How we evaluate talent in the AI era

In 2026, Anthropic published a randomized controlled trial that quantified something many hiring managers had suspected: developers who used AI for conceptual inquiry — asking "why does this work?" and "what are the tradeoffs?" — scored 65%+ on comprehension tests. Those who delegated code generation scored below 40%. Same tools, same tasks, completely different outcomes.

A year earlier, METR's RCT found that experienced developers using AI completed tasks 19% slower than without it — while perceiving themselves as 20% faster. The gap between perception and reality was not small. It was directionally opposite.

These findings crystallized what we had been building toward at NouSpark. Traditional technical assessments evaluate output: does the code compile, do the tests pass, is the architecture sound? For decades, output was a reliable proxy for understanding. AI broke that proxy. A junior developer with Claude or Cursor can now produce code indistinguishable from what a senior engineer would write. The output is identical. The understanding behind it is not.

This post describes the evaluation methodology we developed to measure the thing that actually matters: how engineers think and work with AI, not just what they produce.

The evaluation pipeline

NouSpark is async and environment-agnostic. Candidates work in their own setup — Claude Code, Cursor, ChatGPT, Copilot, whatever they actually use at work. They complete a task, then submit their result alongside an export of their AI chat log. We evaluate both.

The chat log is the core signal. It is a structured record of how a candidate thinks, not just what they produce. We parse logs from any major AI tool — Claude Code JSONL, ChatGPT JSON exports, Cursor SQLite databases, Copilot Chat JSON — and normalize them into a common format: an ordered sequence of user and assistant messages with timestamps and indices.

Candidate messages are preserved in full.
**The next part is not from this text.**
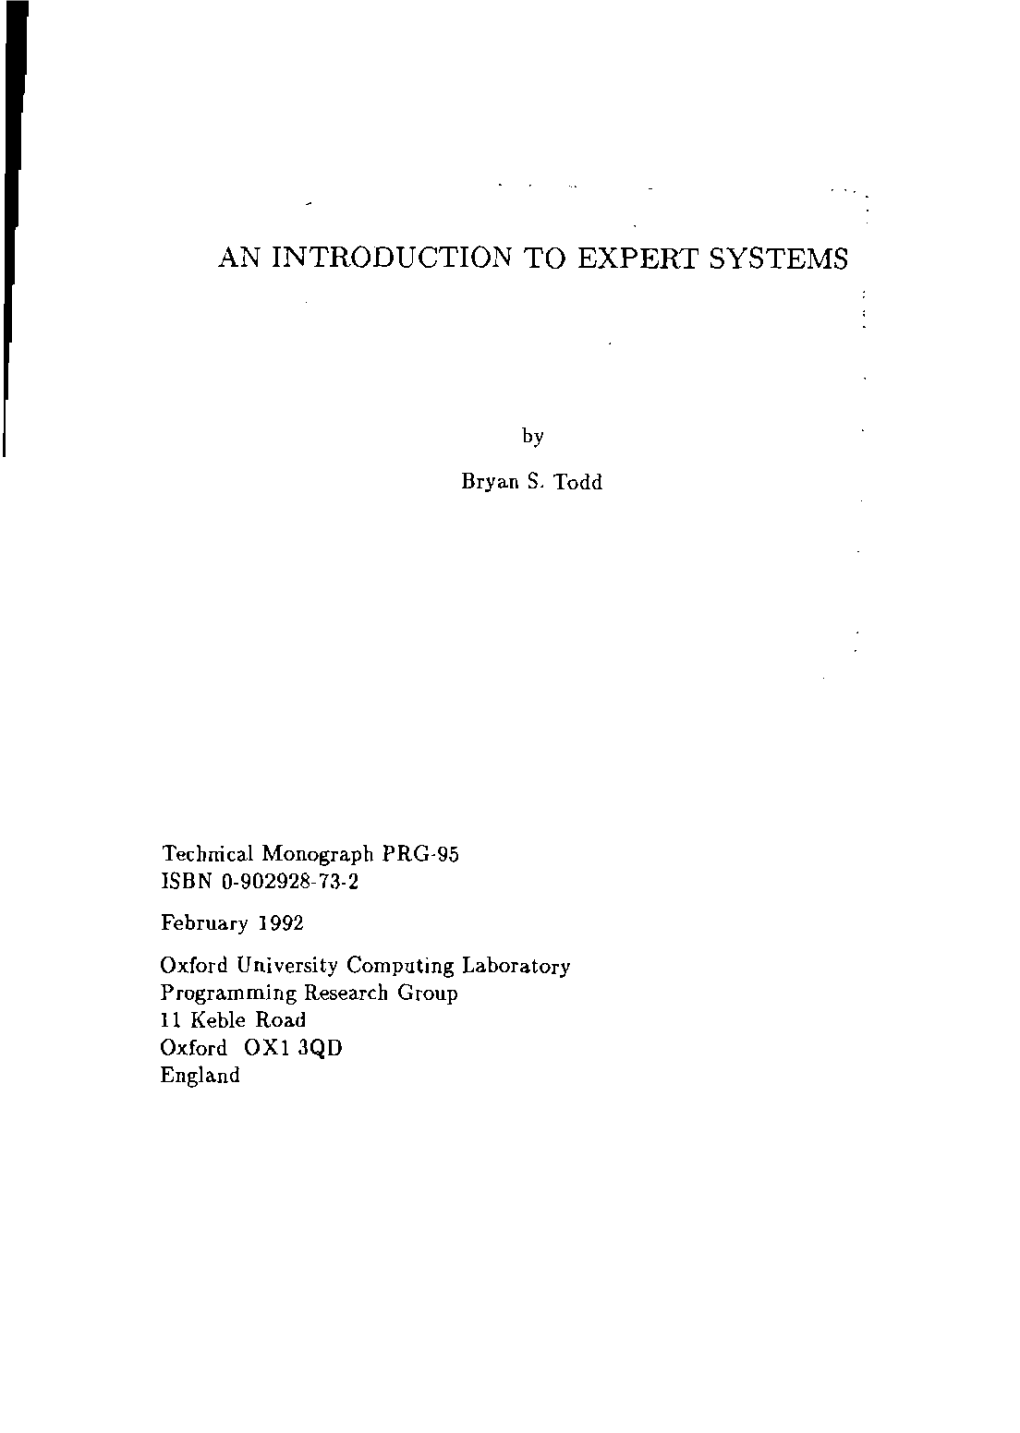 An Introduction to Expert Systems

AI assistant messages are truncated to 500 characters. We care about what the candidate said, not the AI's complete response — though we retain message length metadata for review-time analysis.

The normalized chat then passes through three parallel analysis passes, each evaluating two orthogonal dimensions. A final synthesis pass takes all results, applies role-specific weights, and produces a scored report with evidence. Four LLM calls total. Wall time: 15–30 seconds.

Three parallel passes

We deliberately separated evaluation into three independent passes rather than a single monolithic prompt. Each pass receives the full chat and evaluates two dimensions. The passes run in parallel, reducing latency and preventing one dimension's assessment from biasing another.

Pass 1 evaluates Problem Decomposition and Iteration Quality — how the candidate structured the work and how they refined it over time. Pass 2 evaluates Quality Control and AI Fluency — whether they verified output and how skillfully they steered AI. Pass 3 evaluates Depth of Understanding and Independence — whether they actually understand what they're building and what they contributed beyond prompting.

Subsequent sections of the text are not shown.